In late 2008, when oil was trading for just over $30 per barrel, the Federal Subsoil Resource Use Agency proposed that the government create a strategic oil reserve, which would include the Trebs and Titov deposits. Sechin approved the idea, but the reserve was never actually formed.
By late 2009, it was decided to sell the fields to help cover the budget deficit.
In the past, interest in the fields has come from state-run Rosneft, which is developing the nearby Val Gamburtseva deposit in the Nenets autonomous district. LUKoil, Russia's largest private oil producer, would also make a nice fit, because it has long been active in the Timan-Pechora oil basin and owns the nearest refinery.
Representatives of Gazprom Neft also expressed their interest in Trebs and Titov several times this spring.
These are the three companies with real chances of winning the development rights, whereas others could be scared off by the price, said Pavel Sorokin, an analyst at Alfa Bank.
Bank of Moscow's Denisov said he thought that the price was fair, given that Trebs and Titov were the last known major oil fields.
Surgutneftegaz, Russia's wealthiest oil company, has never expressed any interest in the assets.
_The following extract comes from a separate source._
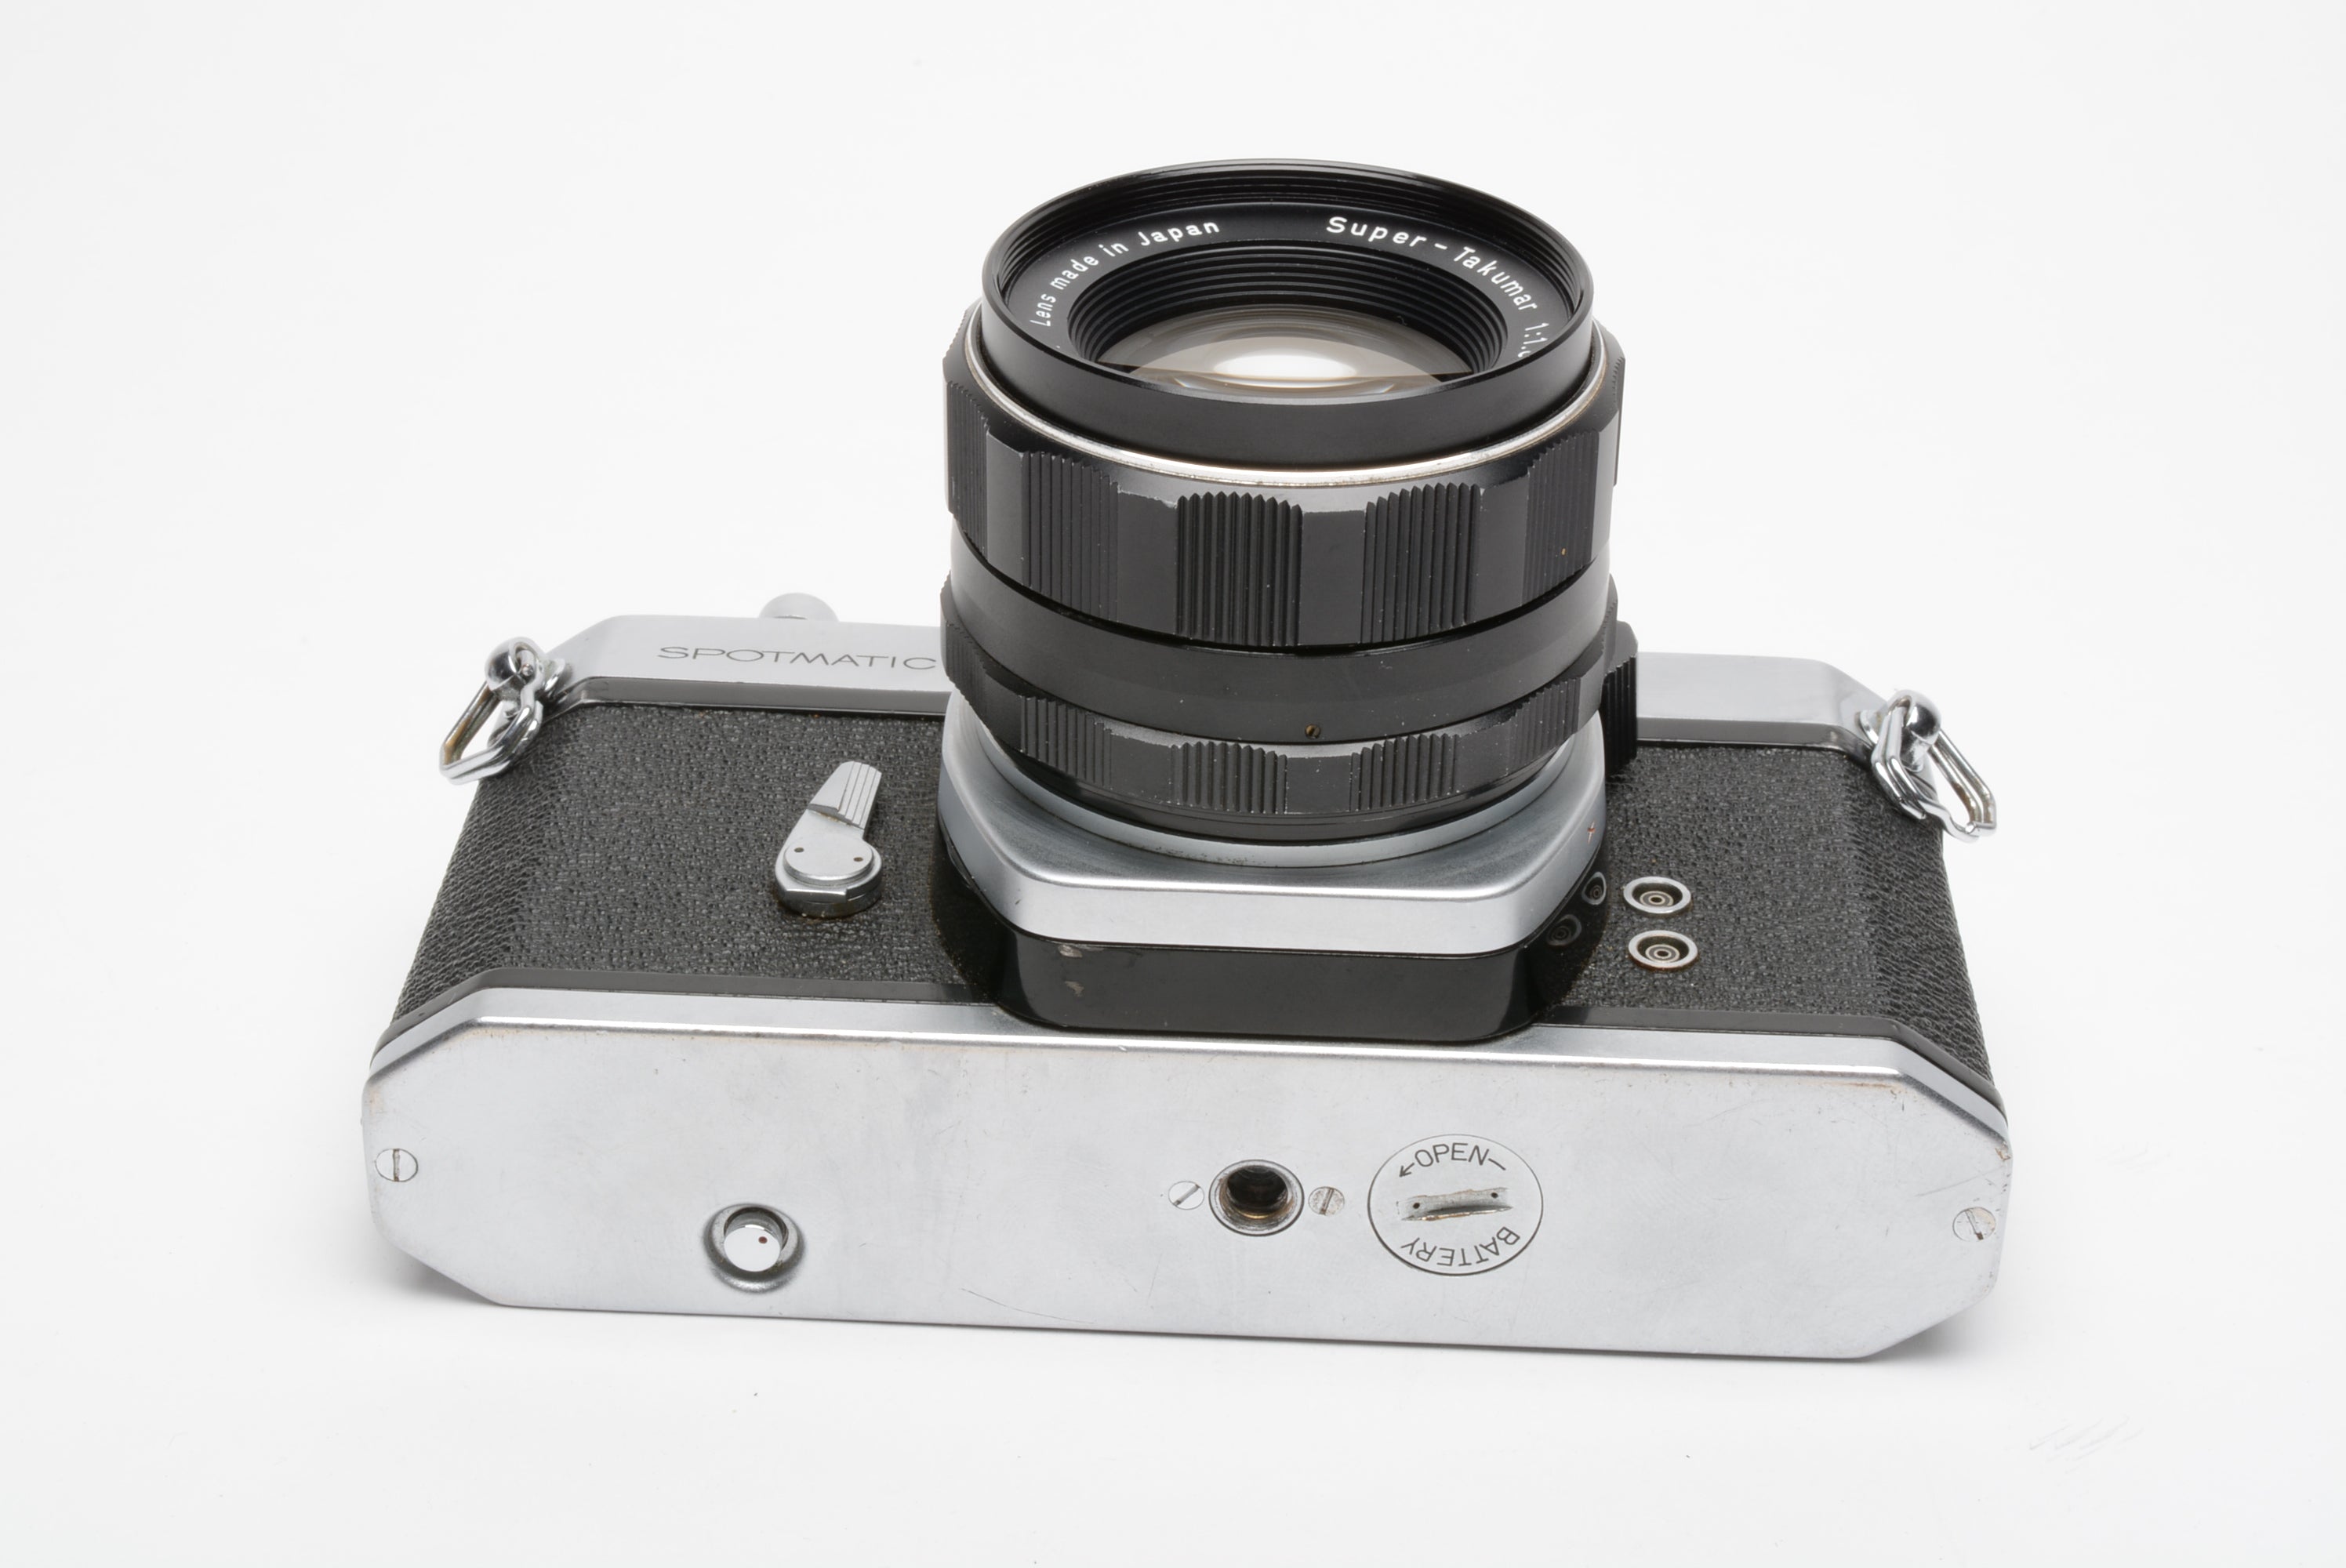 Pentax Spotmatic SP chrome 35mm SLR w/Super Takumar 55mm F1.8 mm F1.8, new  seals

Foreign oil majors are unable to bid because Trebs and Titov are strategic fields.
According to the draft plan for the auction, potential buyers must provide the Federal Subsoil Resource Use Agency with technical and economic calculations for the work as well as proposals on refining the oil at their own refineries and selling the oil on Russia's commodities exchange, Interfax reported, citing a Natural Resources and Environment Ministry source.
These requirements are not entirely reasonable, said an official at one oil company. Russia still does not have a working oil exchange, while existing refineries are already working at full capacity, the official said.